Try it: When you repeat the listing below, keep every word exactly and leave out each picture.

==== Provided material

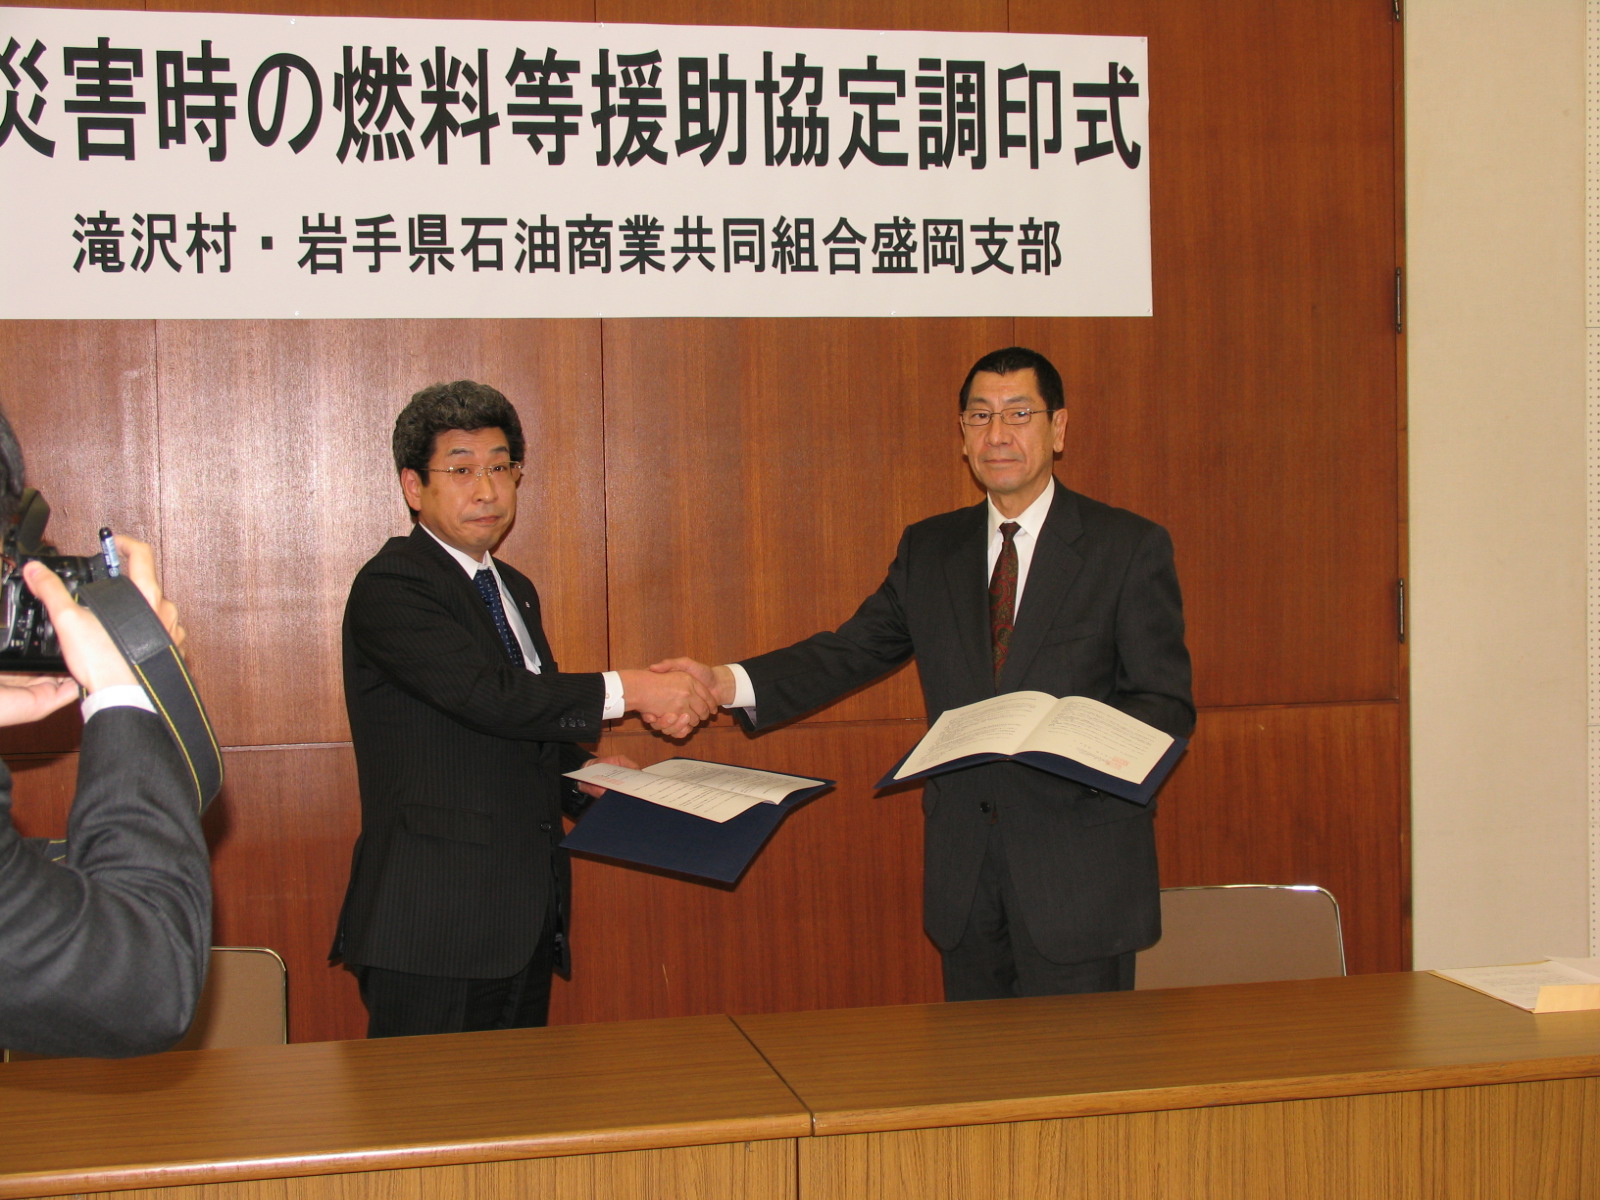 滝沢村と災害時燃料油等の供給協定締結
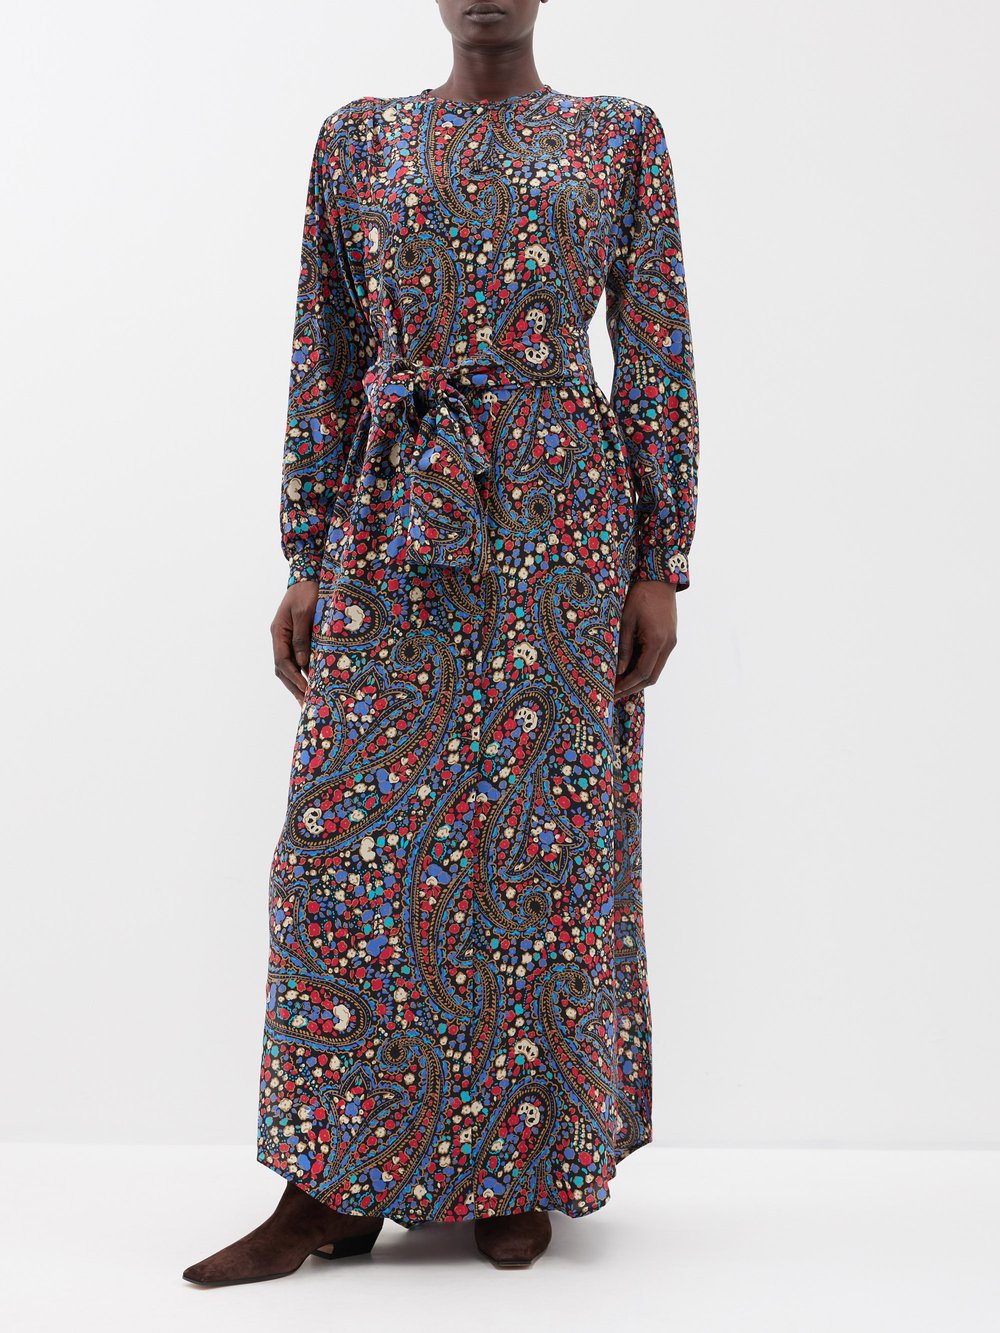 Шелковое платье с принтом пейсли из коллаборации с cabana menorquin Blazé Milano, мультиколор цена и фото
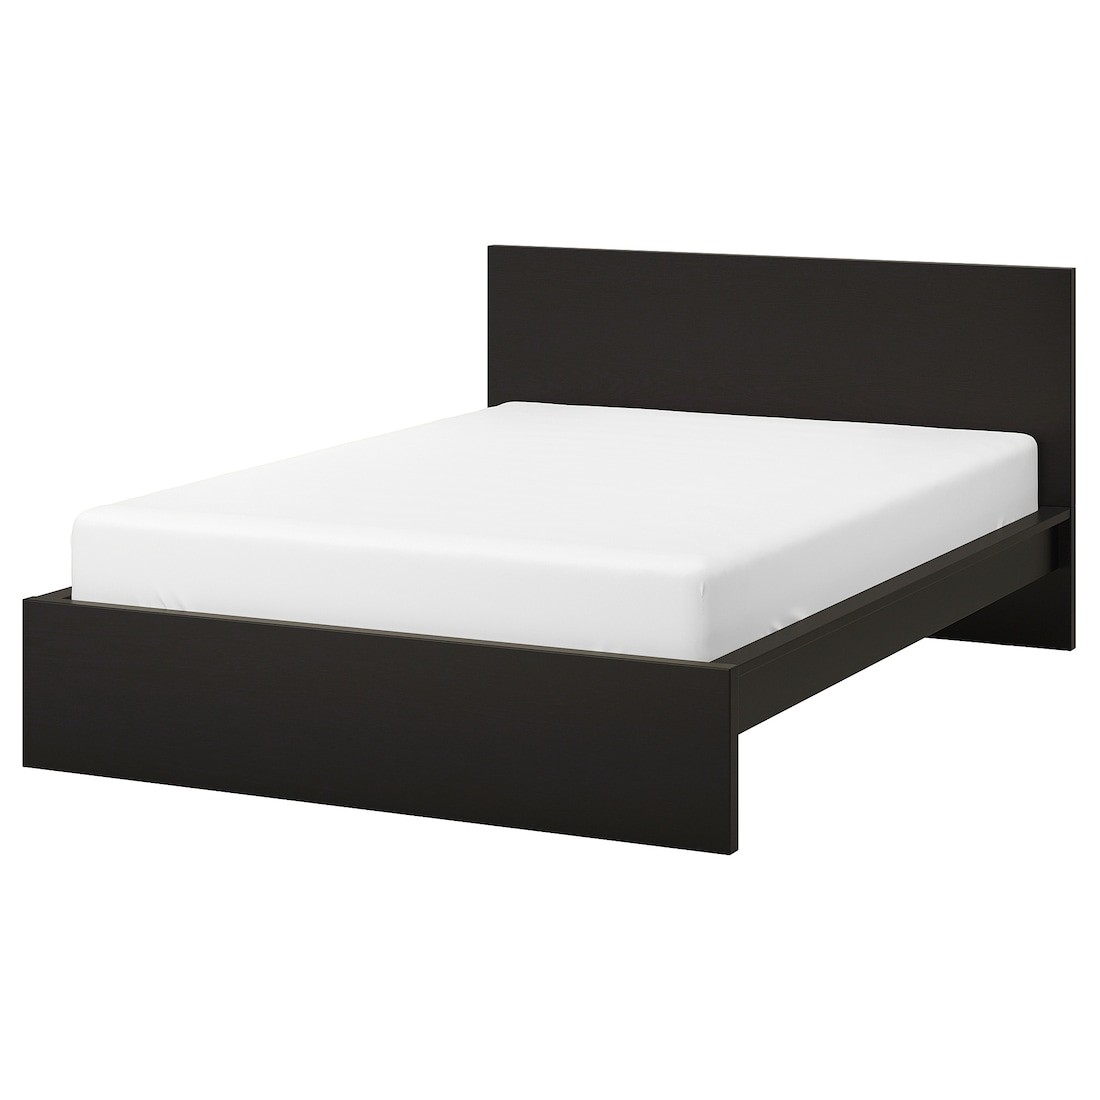 MALM МАЛЬМ Ліжко двоспальне, високе, чорно-коричневий / Leirsund, 140x200 см
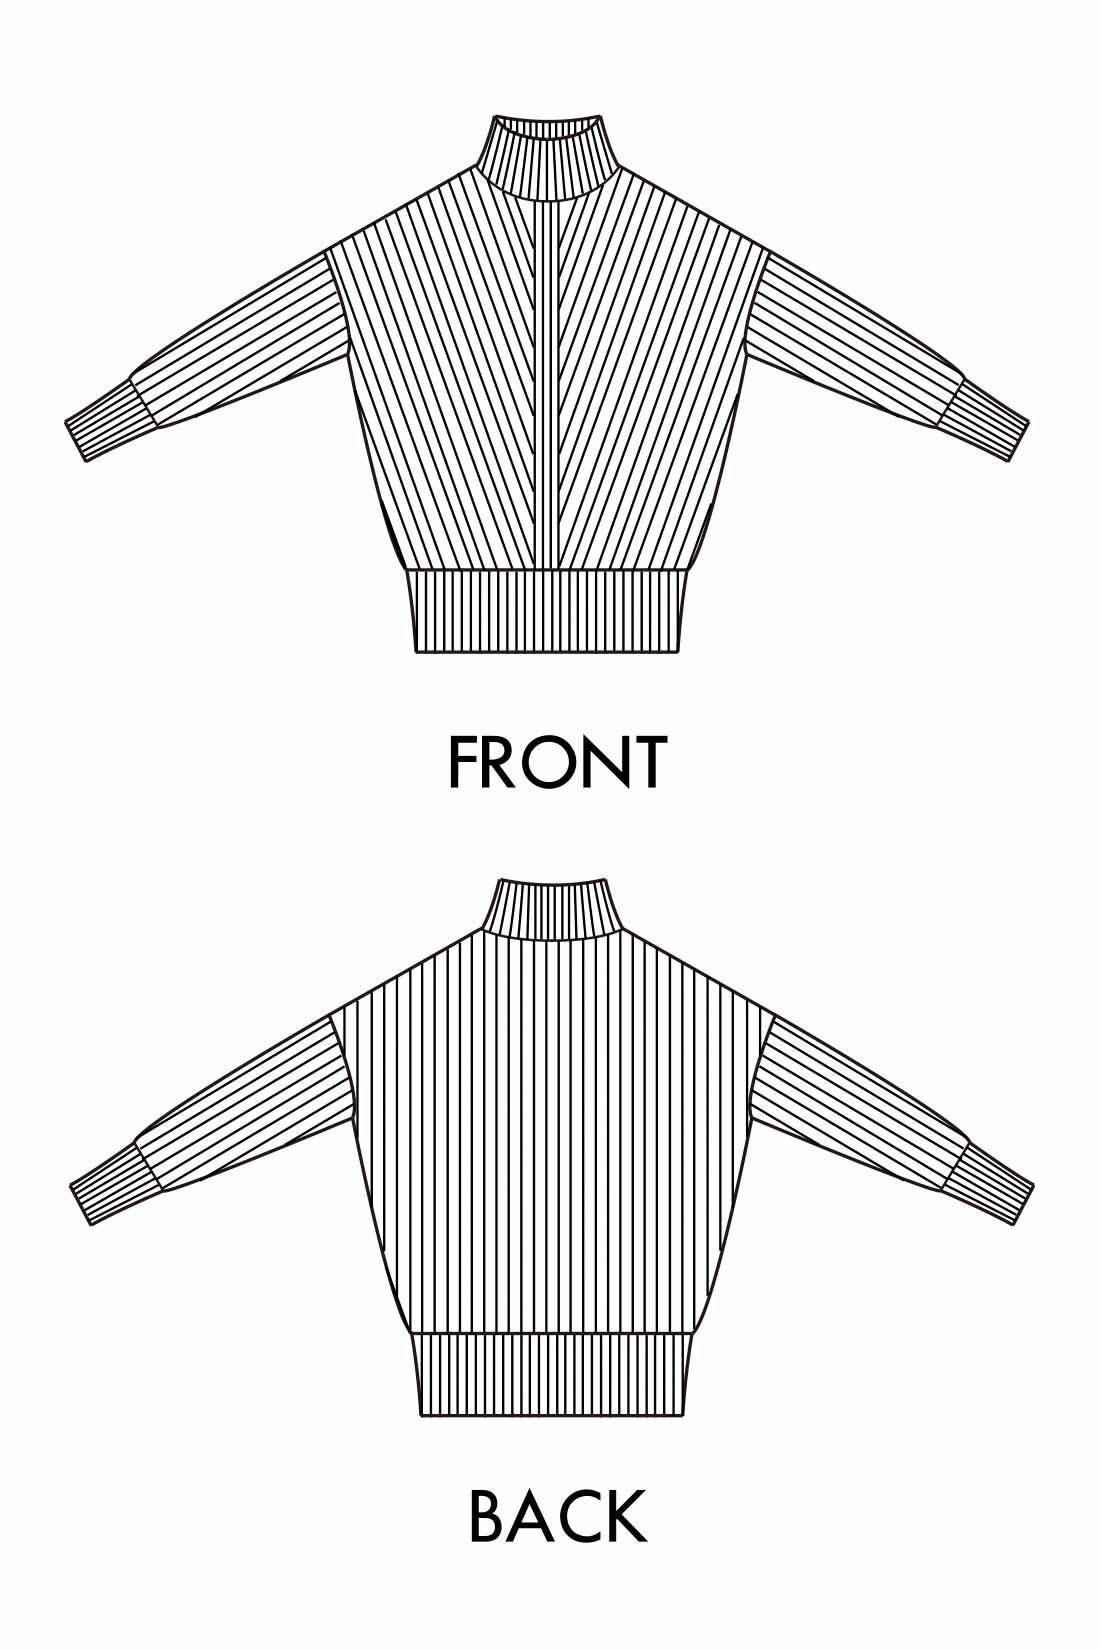 Real Stock|IEDIT[イディット]　V字の編み柄遣いで細見せ マシンウォッシャブルがうれしい アルパカ混素材のニットチュニック〈グリーン〉|大きすぎないシルエットで華奢見えを演出。背面と袖はシンプルな編み地ですっきり。

========

Solution for this task:
 滝沢村と災害時燃料油等の供給協定締結
 Шелковое платье с принтом пейсли из коллаборации с cabana menorquin Blazé Milano, мультиколор цена и фото
 MALM МАЛЬМ Ліжко двоспальне, високе, чорно-коричневий / Leirsund, 140x200 см
 Real Stock|IEDIT[イディット]　V字の編み柄遣いで細見せ マシンウォッシャブルがうれしい アルパカ混素材のニットチュニック〈グリーン〉|大きすぎないシルエットで華奢見えを演出。背面と袖はシンプルな編み地ですっきり。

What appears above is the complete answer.